What is being asked
Repeat the listing exactly. The images do not belong in the copy.
(Beginning of Data section)
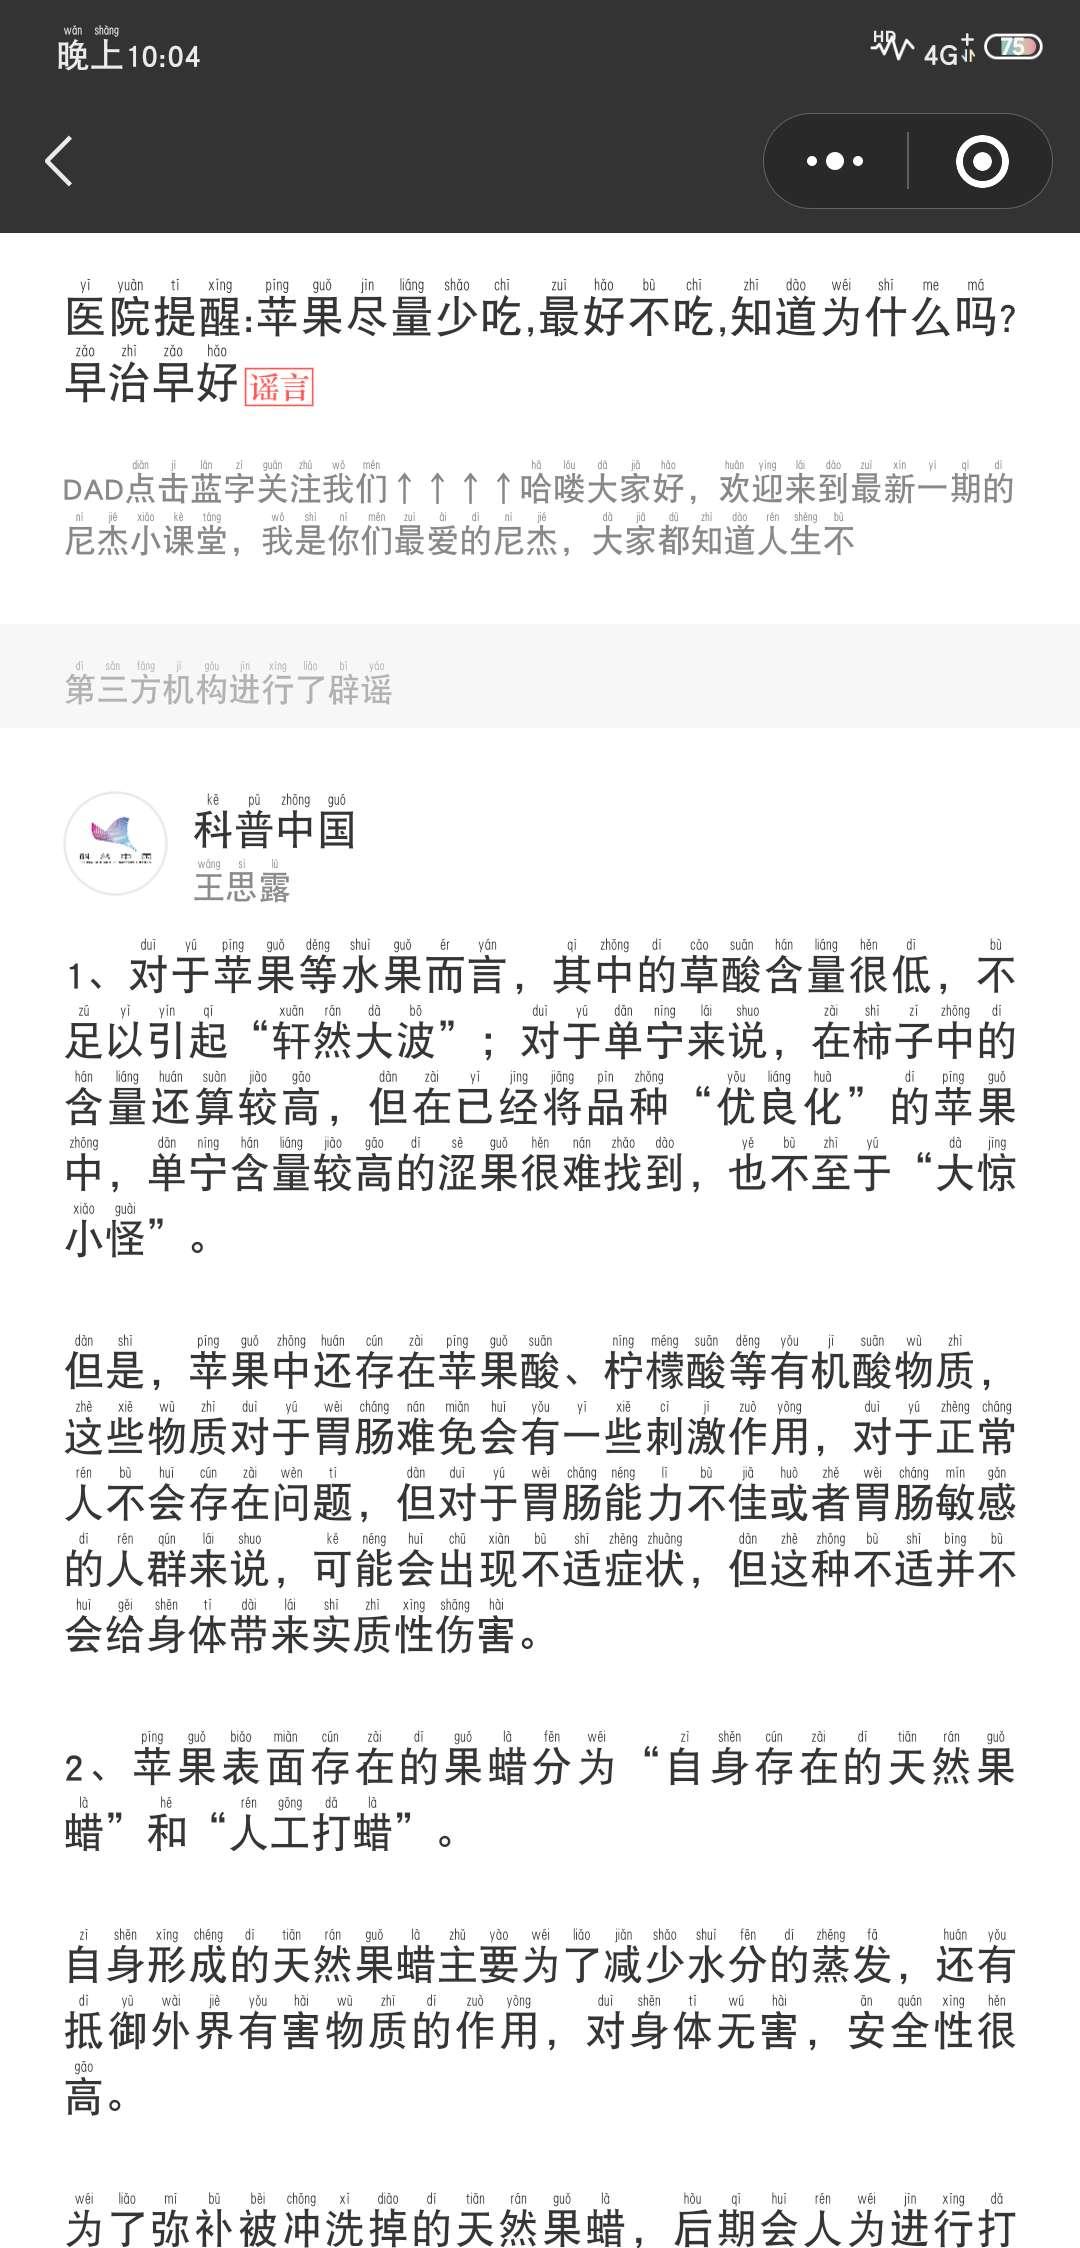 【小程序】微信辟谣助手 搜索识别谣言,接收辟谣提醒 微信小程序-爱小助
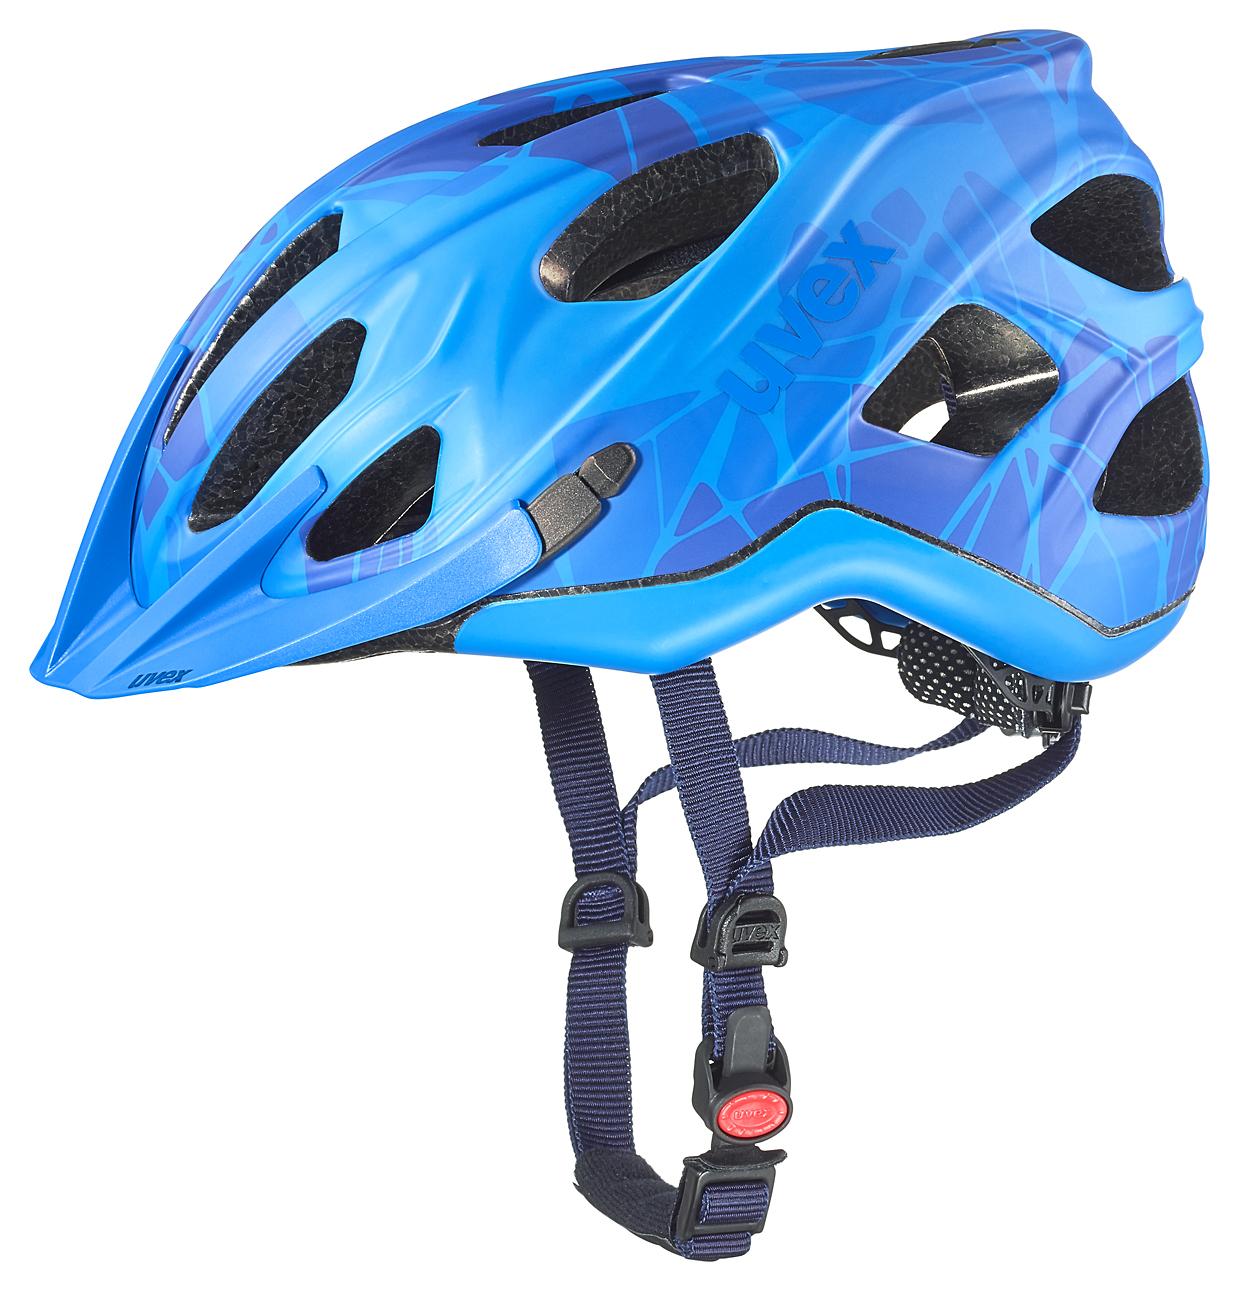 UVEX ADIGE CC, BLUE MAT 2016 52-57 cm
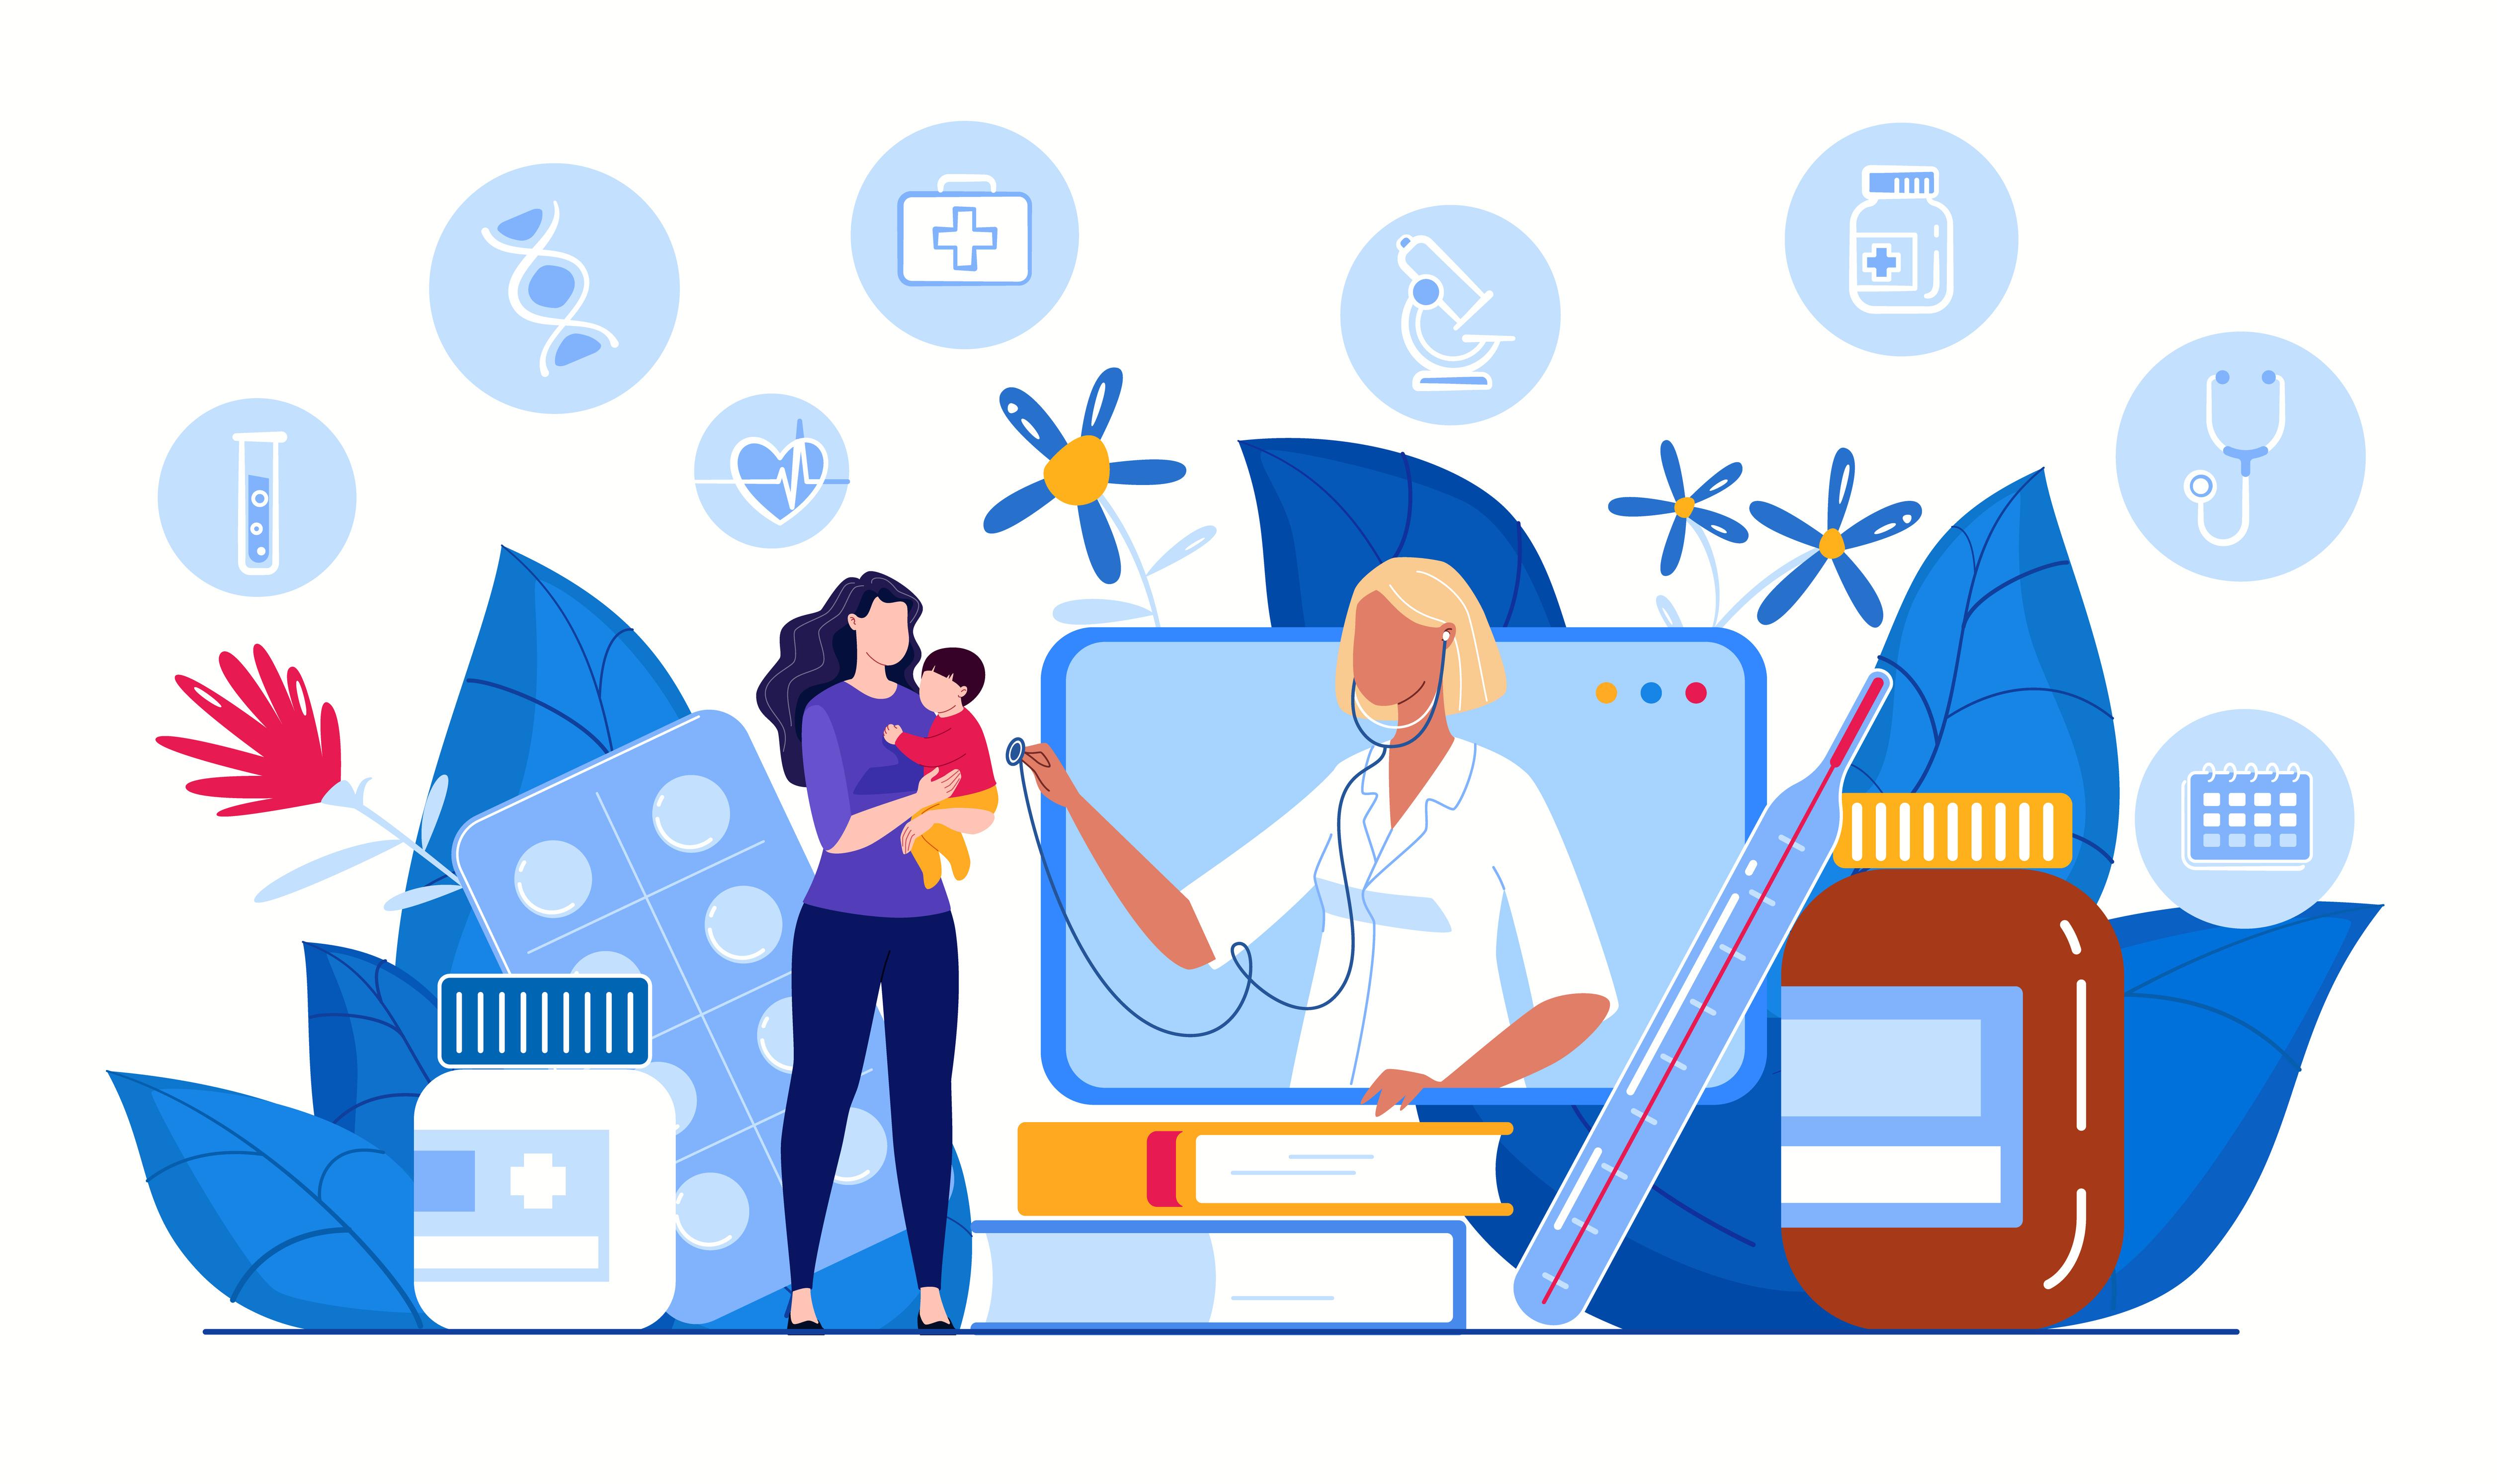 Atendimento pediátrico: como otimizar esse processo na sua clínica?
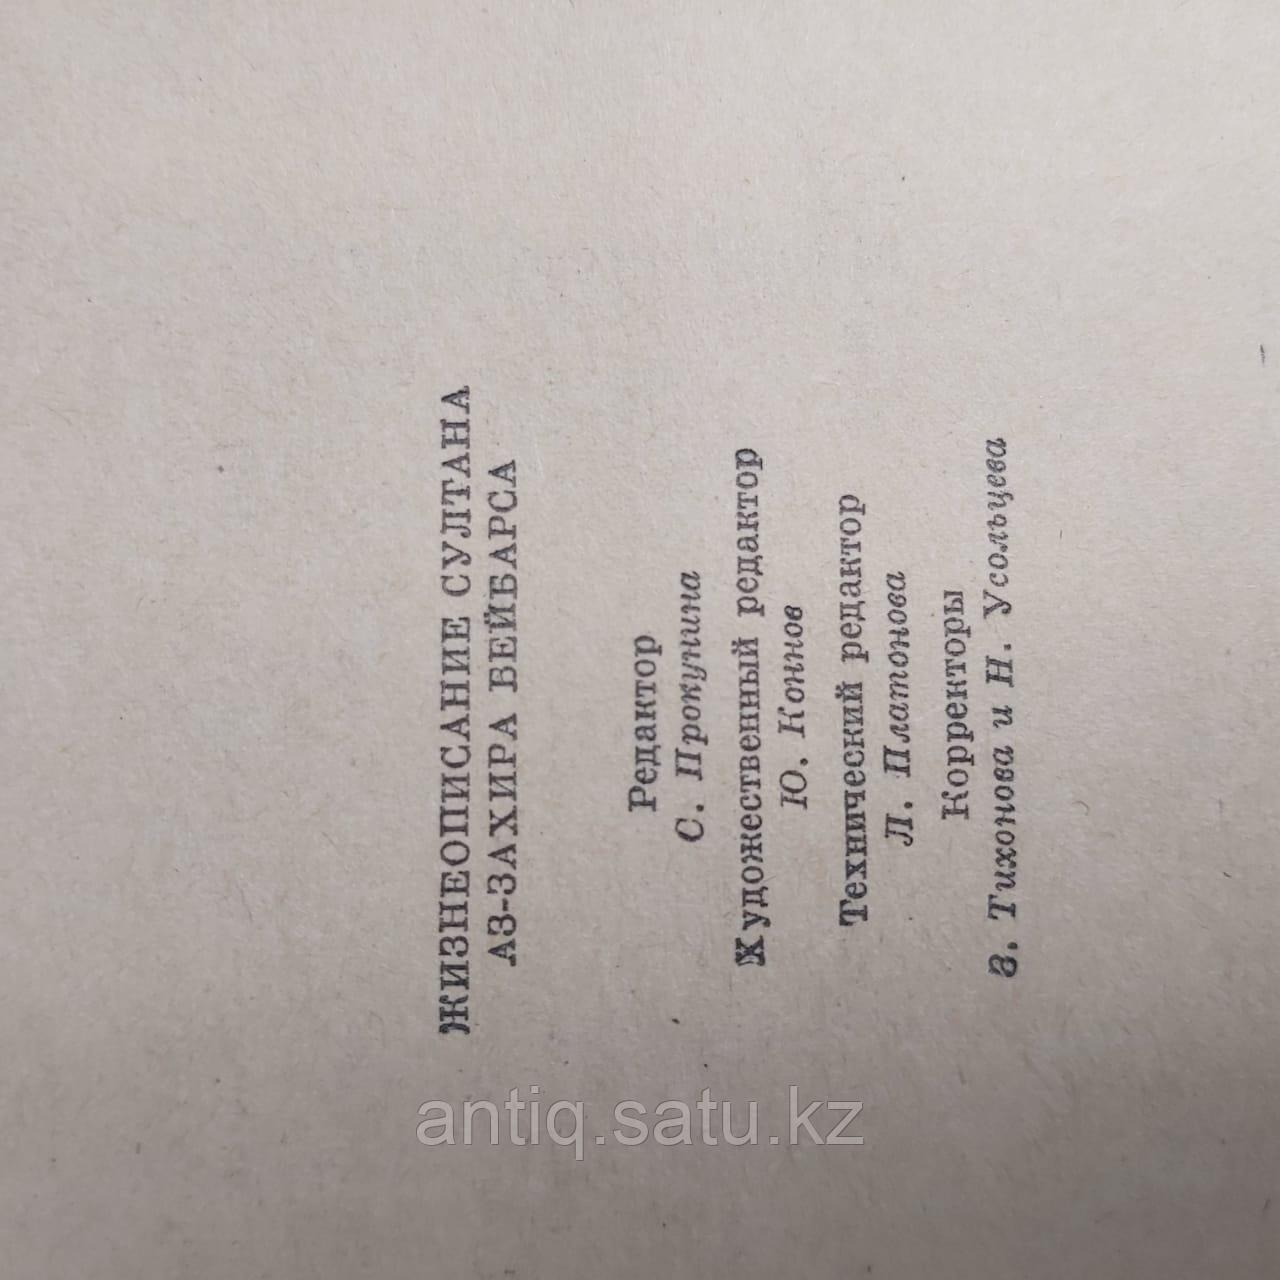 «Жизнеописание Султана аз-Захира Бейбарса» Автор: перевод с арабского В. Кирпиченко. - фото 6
(End of Data section)
Answer
 【小程序】微信辟谣助手 搜索识别谣言,接收辟谣提醒 微信小程序-爱小助
 UVEX ADIGE CC, BLUE MAT 2016 52-57 cm
 Atendimento pediátrico: como otimizar esse processo na sua clínica?
 «Жизнеописание Султана аз-Захира Бейбарса» Автор: перевод с арабского В. Кирпиченко. - фото 6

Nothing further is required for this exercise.